- **Requirement**:
Set down exact lines only, from the line with "Israeli Wine, Around for Hundreds of Years" through the last line of the material below, with every picture left out.

- **Data excerpt**:
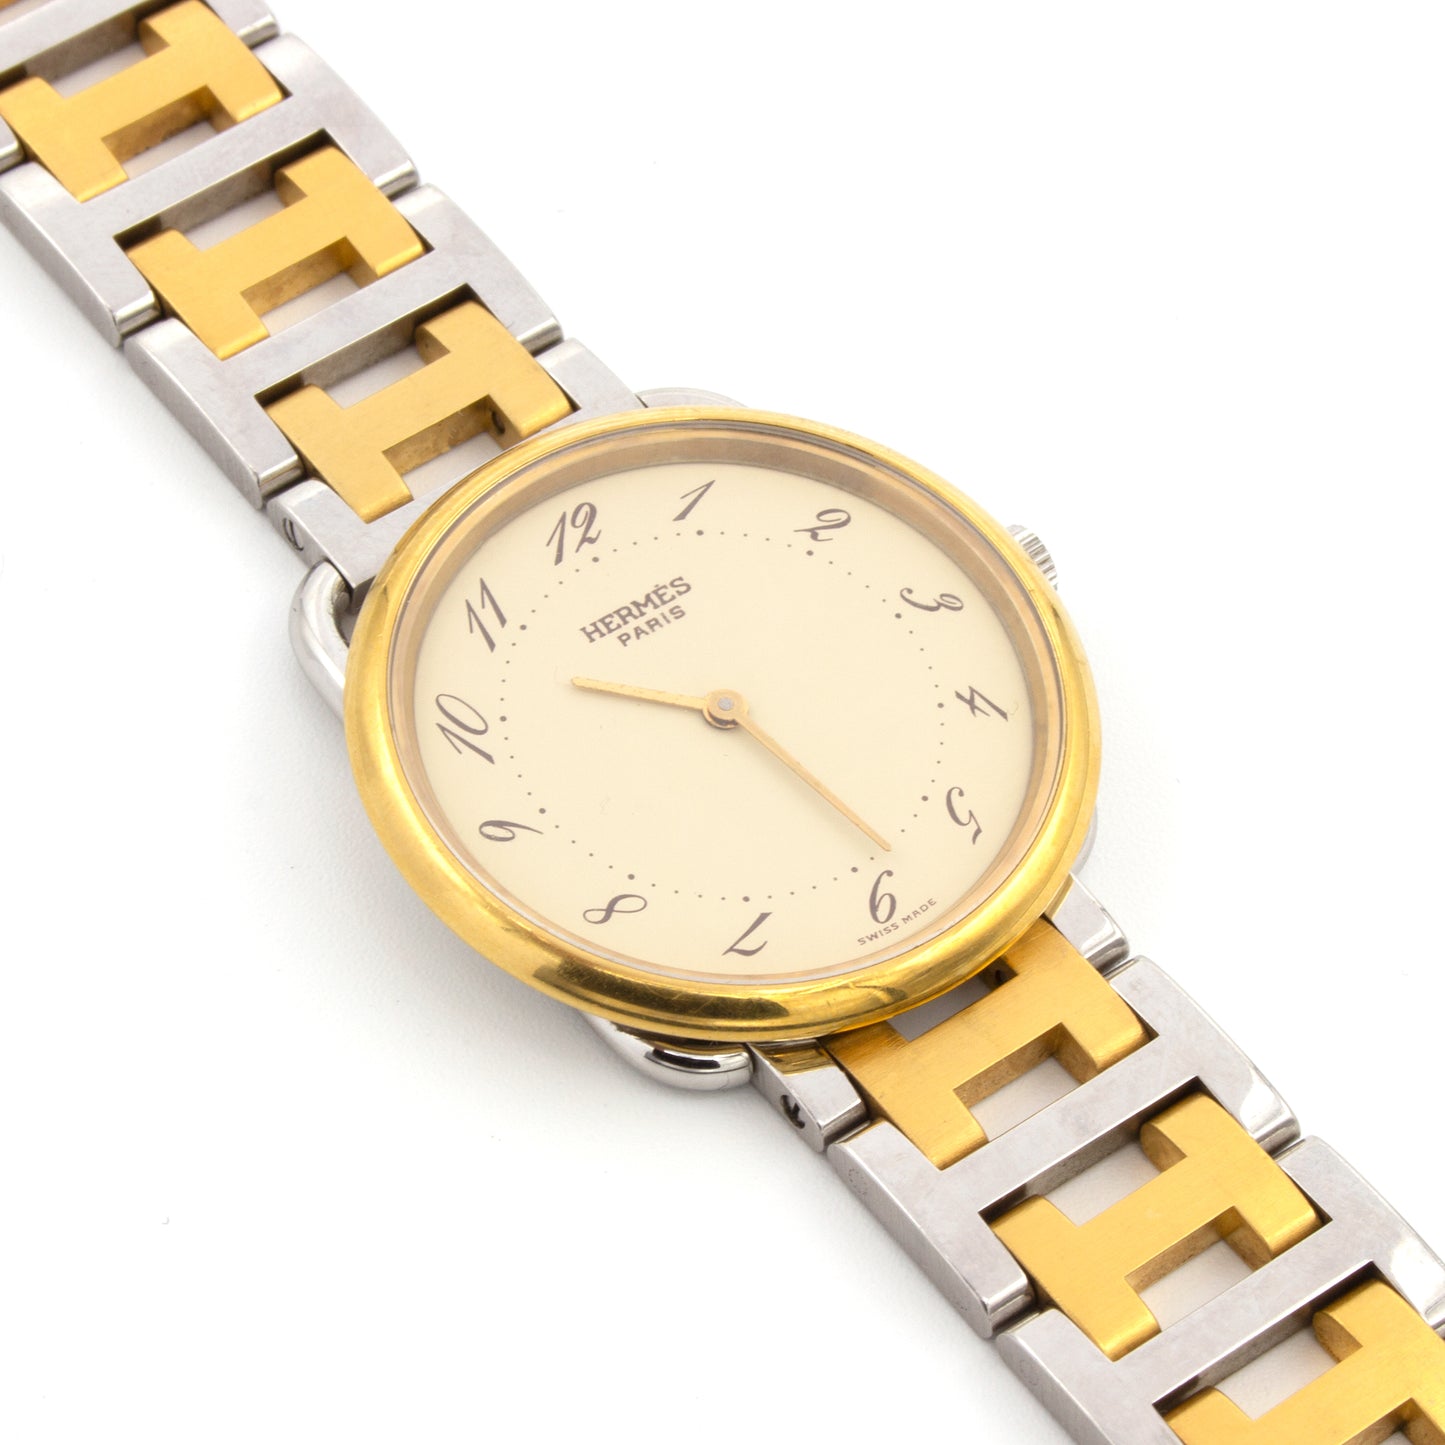 Hermes Arceau 33mm watch
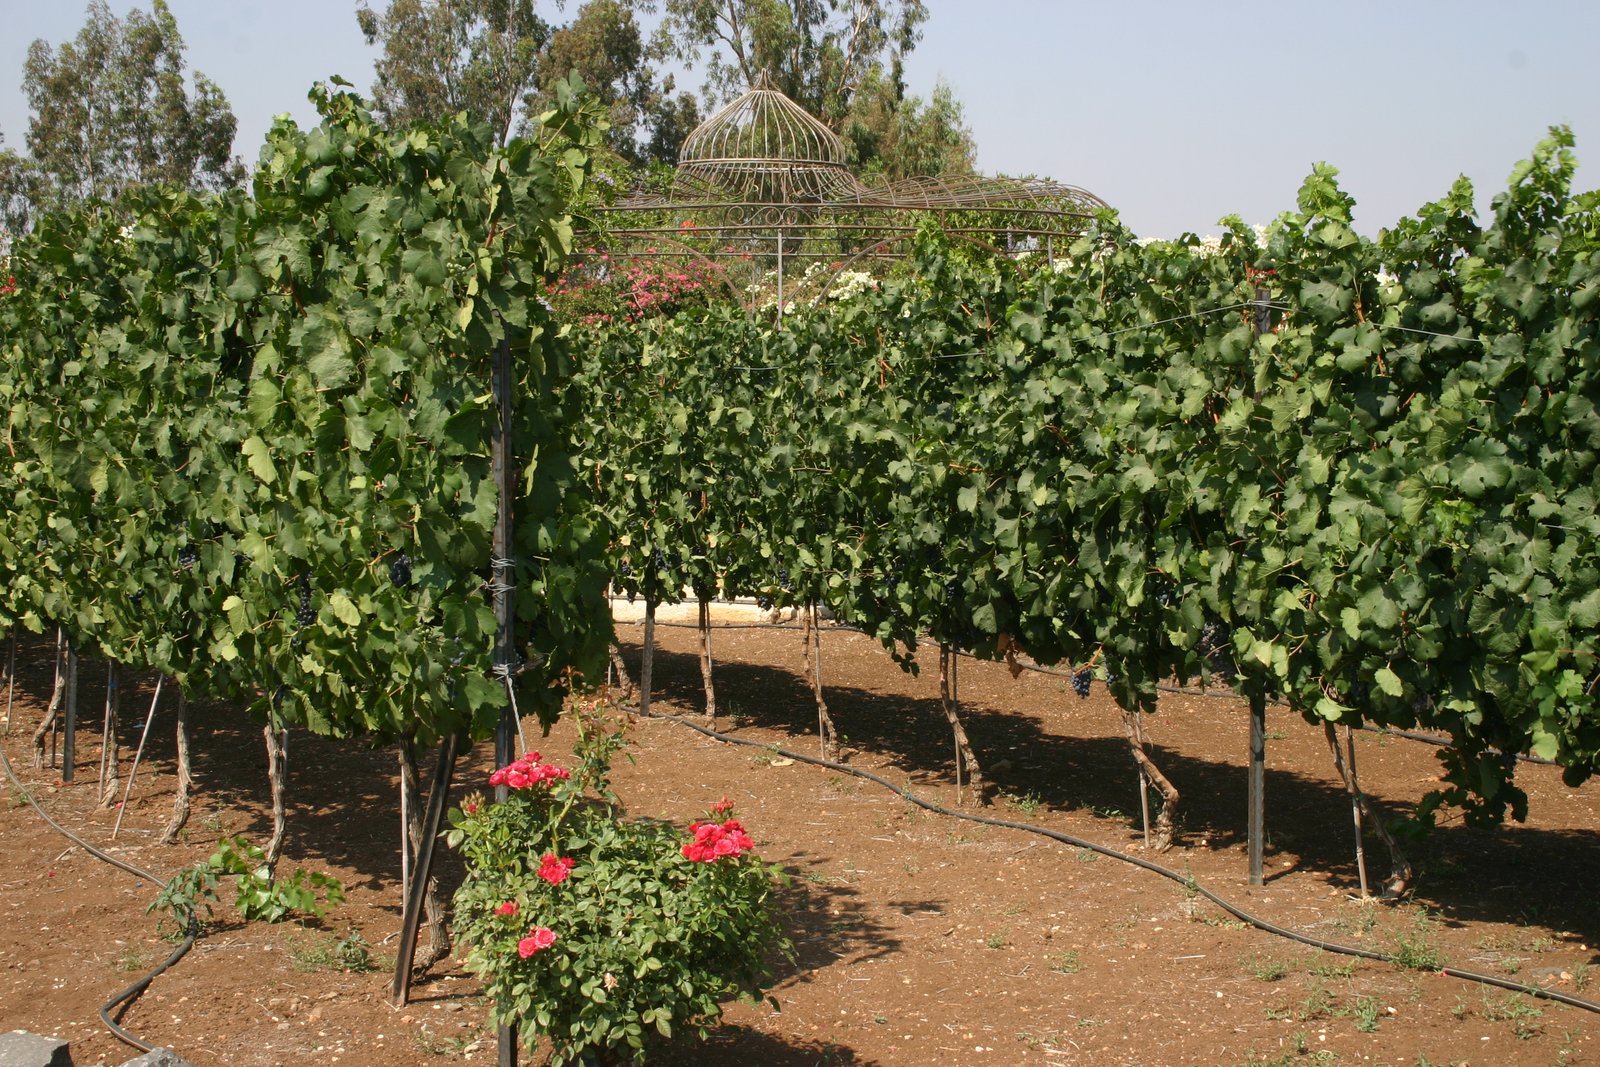 Israeli Wine, Around for Hundreds of Years
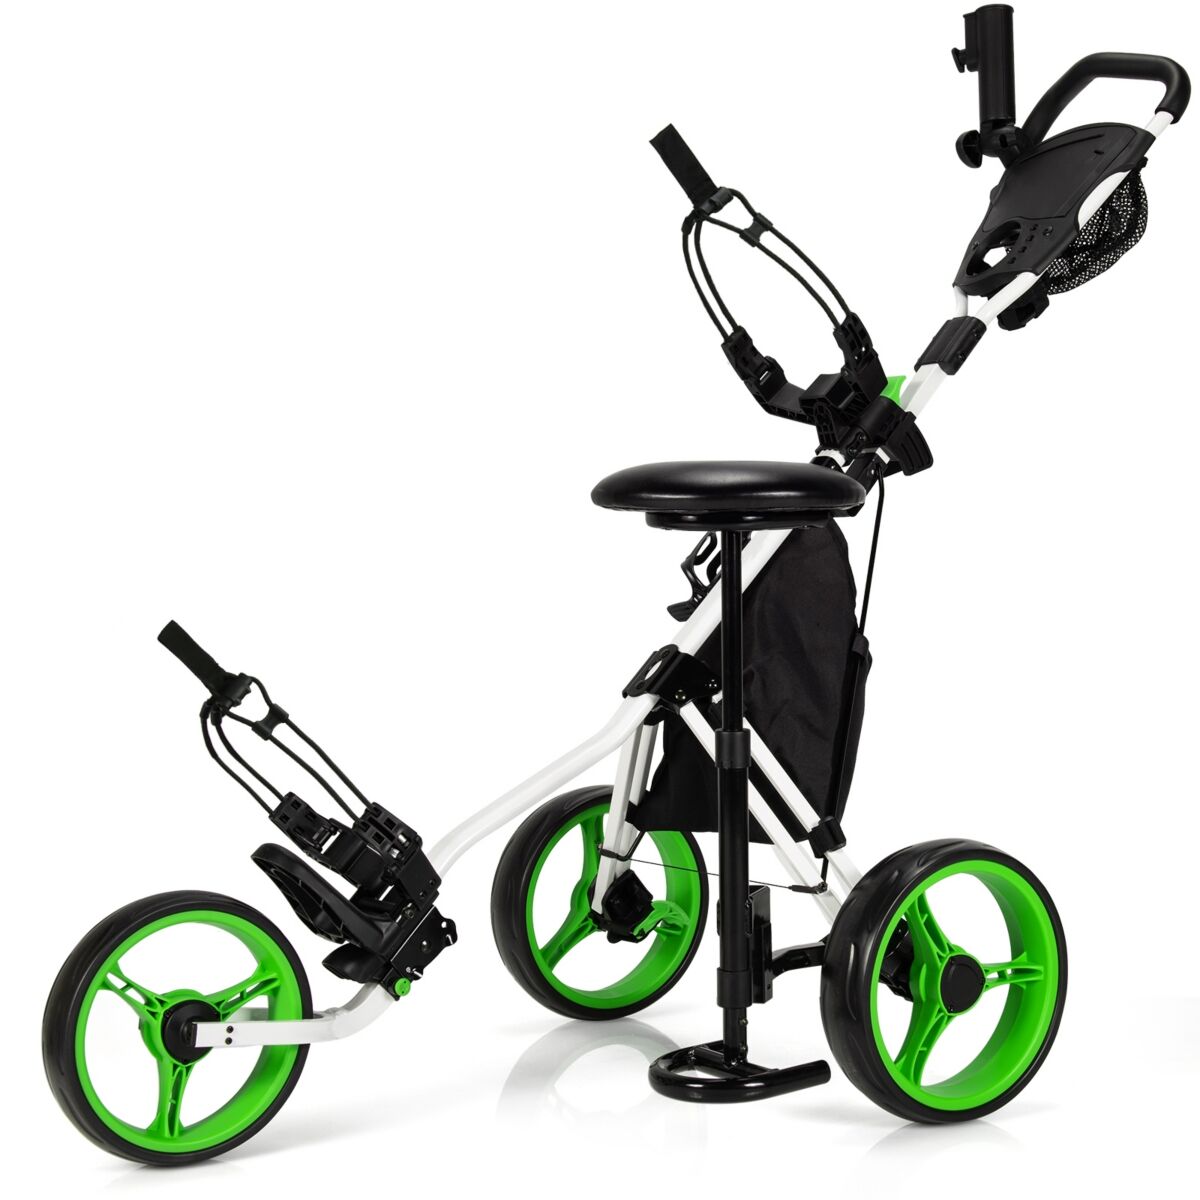 Costway Folding 3 Wheels Golf Push Cart W/Seat Scoreboard Adjustable Handle - Green
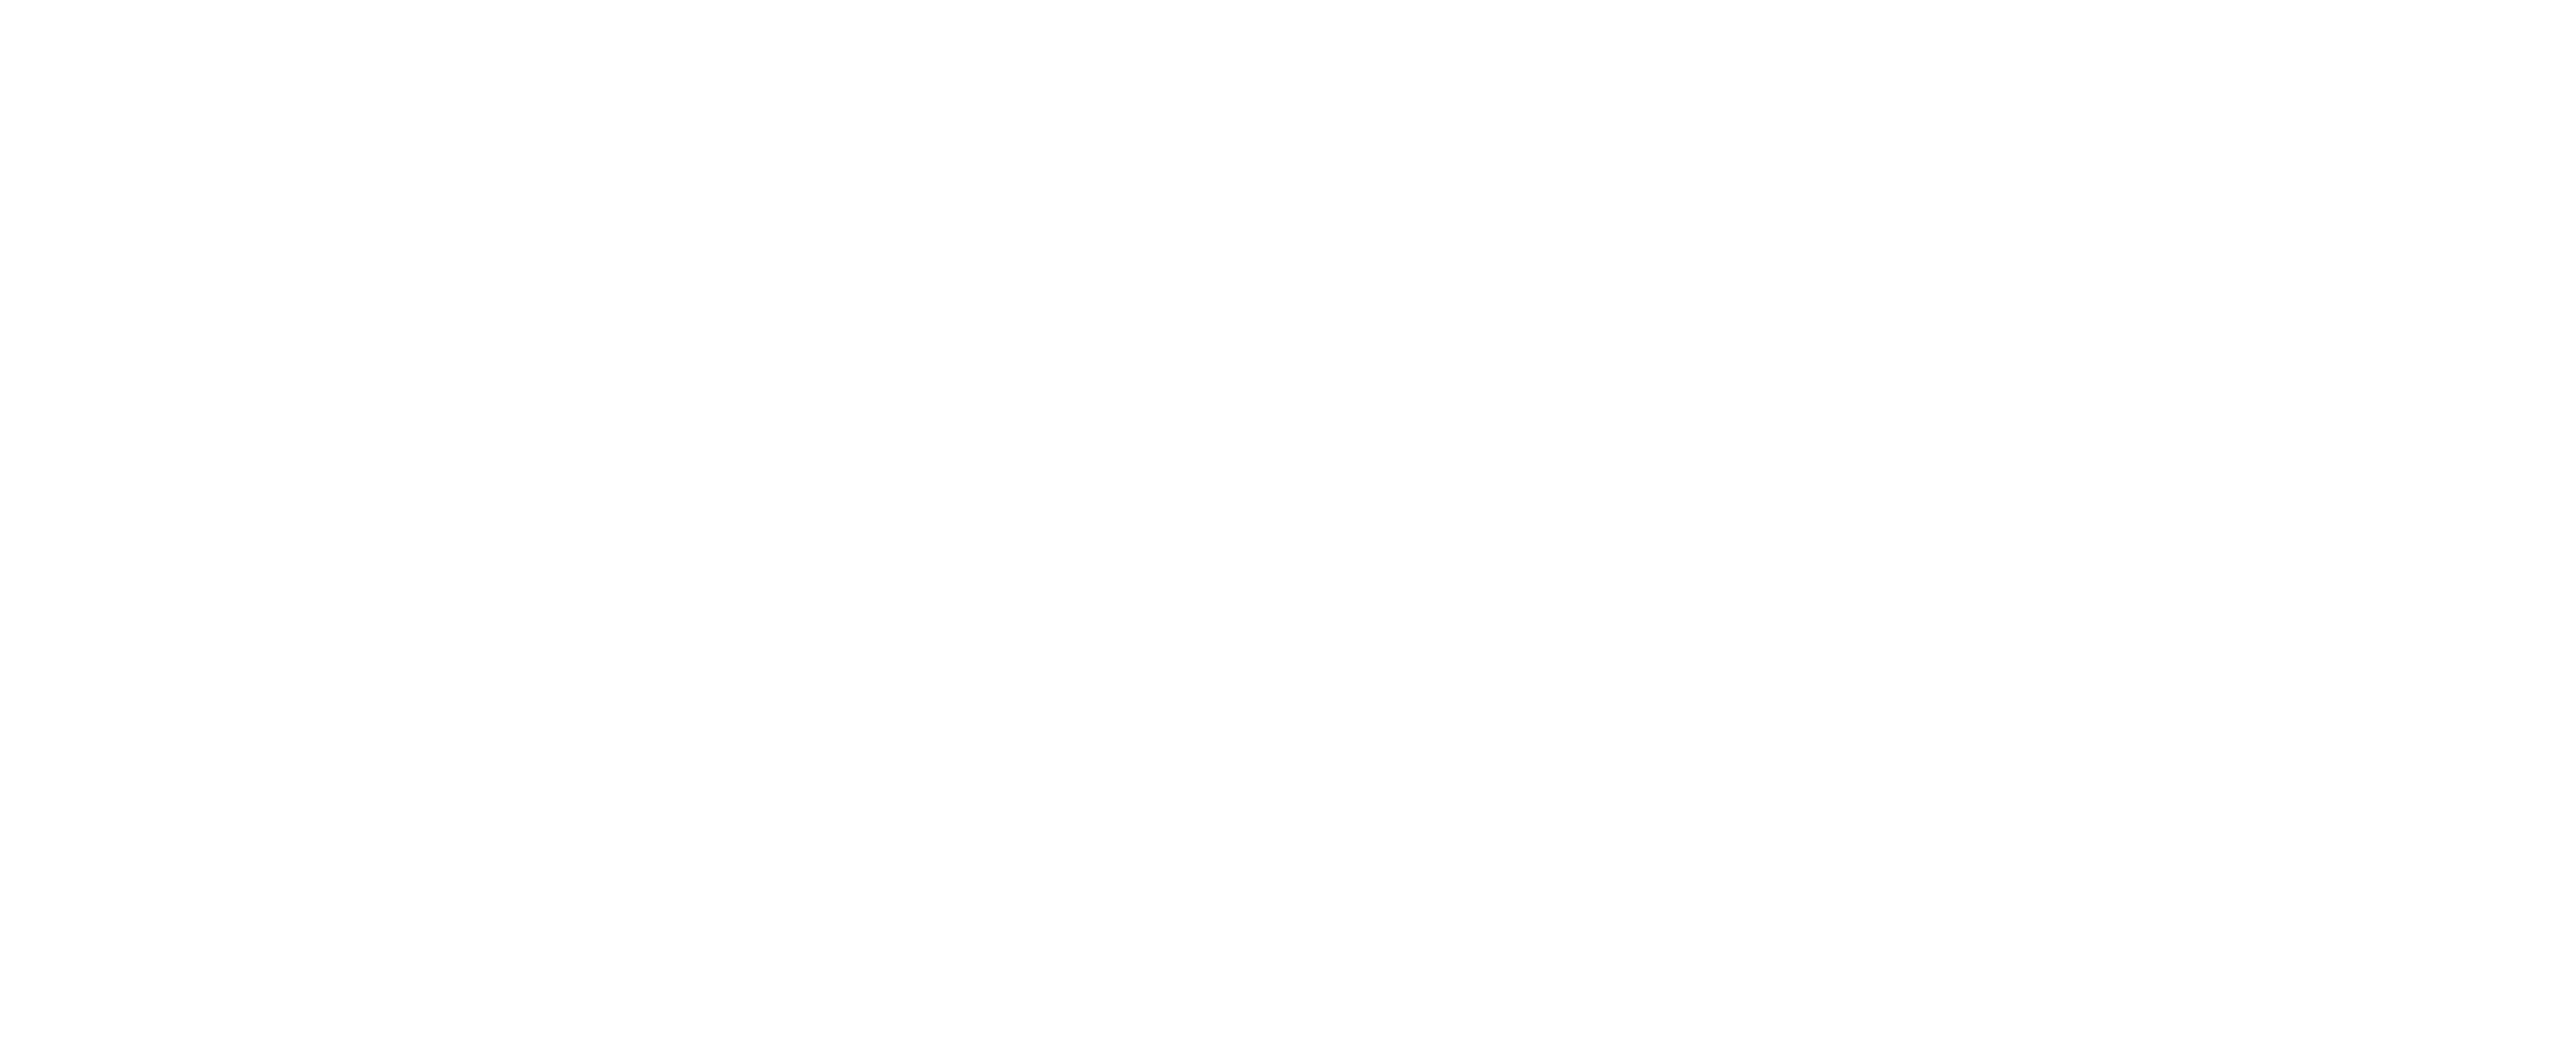 logo pilotów 21 biały

- **Written reply**:
 Israeli Wine, Around for Hundreds of Years
 Costway Folding 3 Wheels Golf Push Cart W/Seat Scoreboard Adjustable Handle - Green
 logo pilotów 21 biały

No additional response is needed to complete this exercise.